The website says I need an ACPI-backport-patch, but when i tried to

apply it to my gentoo-sources kernel, it seemd to be already installed.

Thank you all

Tobias

----------

## mb

 *TE wrote:*   

> Hi !
> 
> /var/log/speedstep indicates that it changes between powersave and full power, but i don't quite trust it

 

hi....

i also tried speedstep and found out, that it does nothing else then writing the log   :Wink: 

my system is a dell d600 (centrino), vanilla kernel with latest acpi patch (btw: i'm not quite sure if gentoo-sources uses the latest acpi, maybe check version of acpi), but performance mgmt on centrinos is not (yet) supported....

#mb

----------

## TE

That's what i suppose, too.

But waht can i do to make my kernel support AMD PowerNow! ?

Regards

TE

----------

## mb

re,

imho you need latest acpi and cpufreq patch ftp://ftp.linux.org.uk/pub/linux/cpufreq/.... 

#mb

----------

## TE

 *mb wrote:*   

> 
> 
> imho you need latest acpi and cpufreq patch ftp://ftp.linux.org.uk/pub/linux/cpufreq/.... 
> 
> #mb

 

OK, i installed this (had to change 2 files by hand because ofoher patches in gentoo-sources) but it says:

/lib/modules/2.4.20-gentoo-r5/kernel/arch/i386/kernel/powernow-k6.o: init_module: No such device

/lib/modules/2.4.20-gentoo-r5/kernel/arch/i386/kernel/powernow-k6.o: insmod /lib/modules/2.4.20-gentoo-r5/kernel/arch/i386/kernel/powernow-k6.o failed

/lib/modules/2.4.20-gentoo-r5/kernel/arch/i386/kernel/powernow-k6.o: insmod powernow-k6 failed

 :Sad: 

----------

## Odin

powernow-k6 is definately the wrong module anyway, since you've got an athlon (k7)

----------

## karl420

APM should add this feature for you if configured correctly in the kernel config (AFAIK).
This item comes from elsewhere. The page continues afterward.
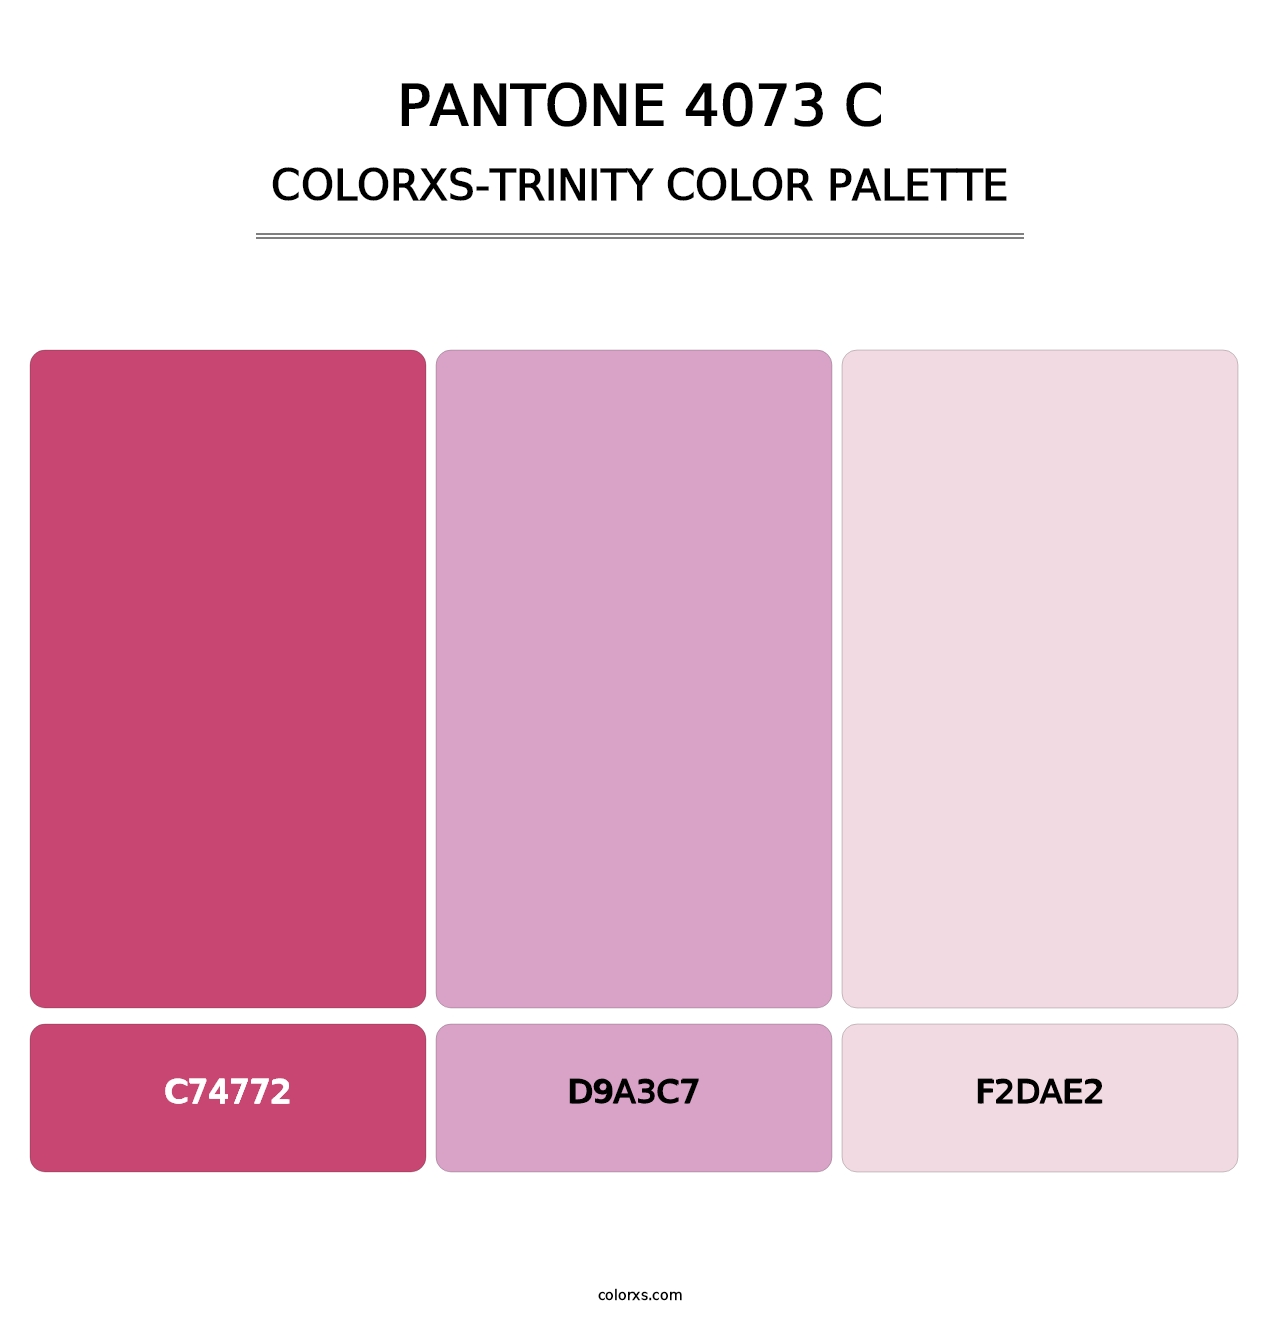 PANTONE 4073 C - Colorxs Trinity Palette
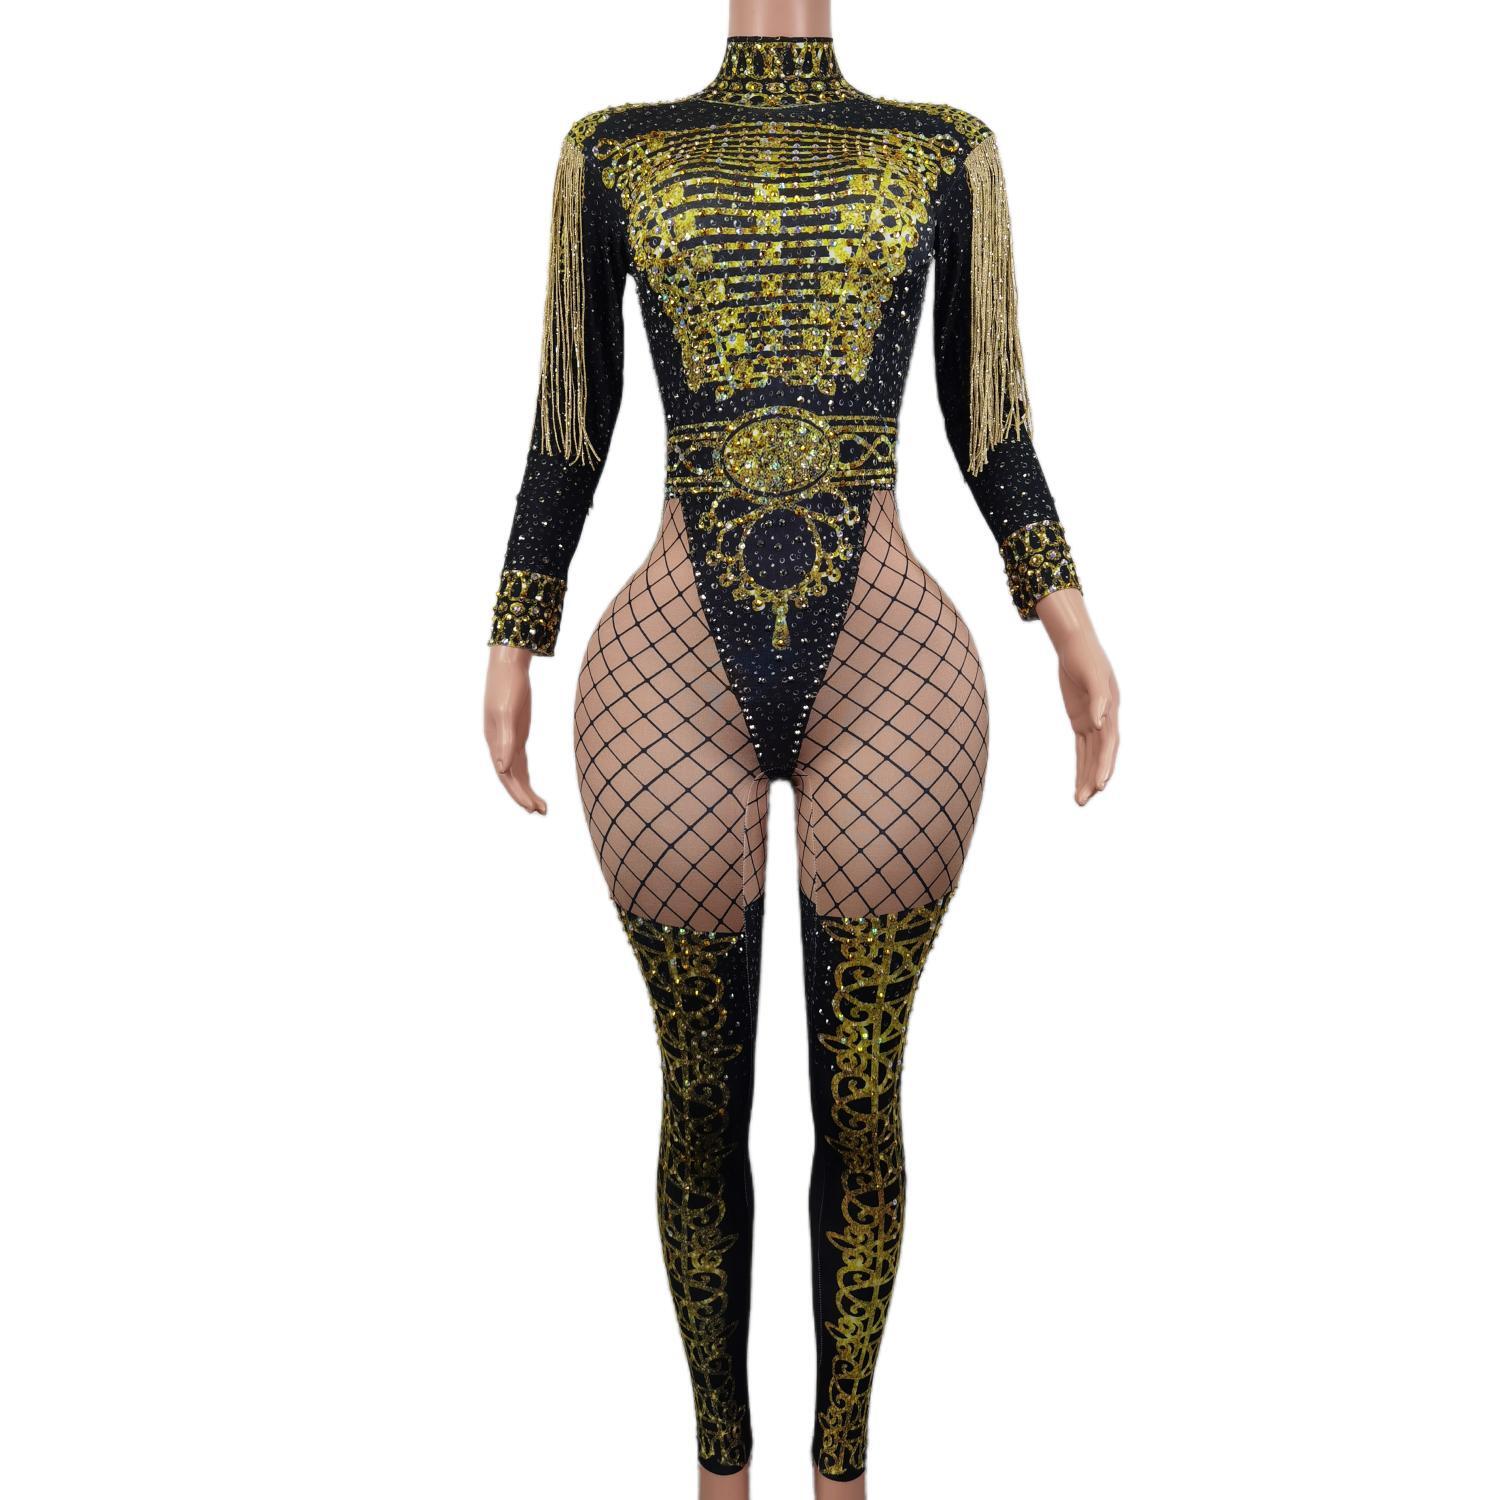 Luxury Outfit Dance Stage Show Nightclub Costume Singer Jumpsuits Wear Glisten Black Gold Crystals Bodysuit with Tassel

I have this working with an Athlon.

Karl

----------

## paranode

 *karl420 wrote:*   

> APM should add this feature for you if configured correctly in the kernel config (AFAIK). I have this working with an Athlon.
> 
> Karl

 

Hmm, I'd be interested in doing this on my Athlon XP laptop.  You just enable APM in the kernel?  What after that, is there a control program or you do it through a window manager?

----------

## TE

 *karl420 wrote:*   

> APM should add this feature for you if configured correctly in the kernel config (AFAIK). I have this working with an Athlon.
> 
> Karl

 

So what is correctly ?

i turned ACPI off and APM on, emerged apmd, but all i see under /proc is apm , which contains som cryptic signs  :Sad: 

What can i do to 

a) know how full my battery is

b) save battery power

regards

TE

----------

## dmind

i use gs-sources and autospeedstep and it seems to be working... on a inspiron 8200

it switches between 1,2 and 1,6ghz.

----------

## JensZ

First off all you need powernow-k7 since.

Currently this is only avaible in latest ac kernels, or by patching.

But due to a buggy Bios by Acer you also need a special patch witch

Hardcodes requencys and Voltages (without patching my Acer Aspire

1304lc only got 2 speed adjustements 500Mhz and 600mhz with the same

voltage. so without patch cpufreq is nonfunctional).

The driver automaticly switches between full power and powersave by

detecting ac adapter state. The other possibility is a so called userspace

frequence govenor (cpufreqd) witch can be configured for special

programms to run a fullpower...

----------

## TE

 *JensZ wrote:*   

> First off all you need powernow-k7 since.
> 
> Currently this is only avaible in latest ac kernels, or by patching.
> 
> But due to a buggy Bios by Acer you also need a special patch ...

 

Where can i get these patches ? I applied  ftp://ftp.linux.org.uk/pub/linux/cpufreq/cpufreq-LINUX_2_4-20030711.tar.gz

to my gentoo-sources kernel, and it only provides the k6 module.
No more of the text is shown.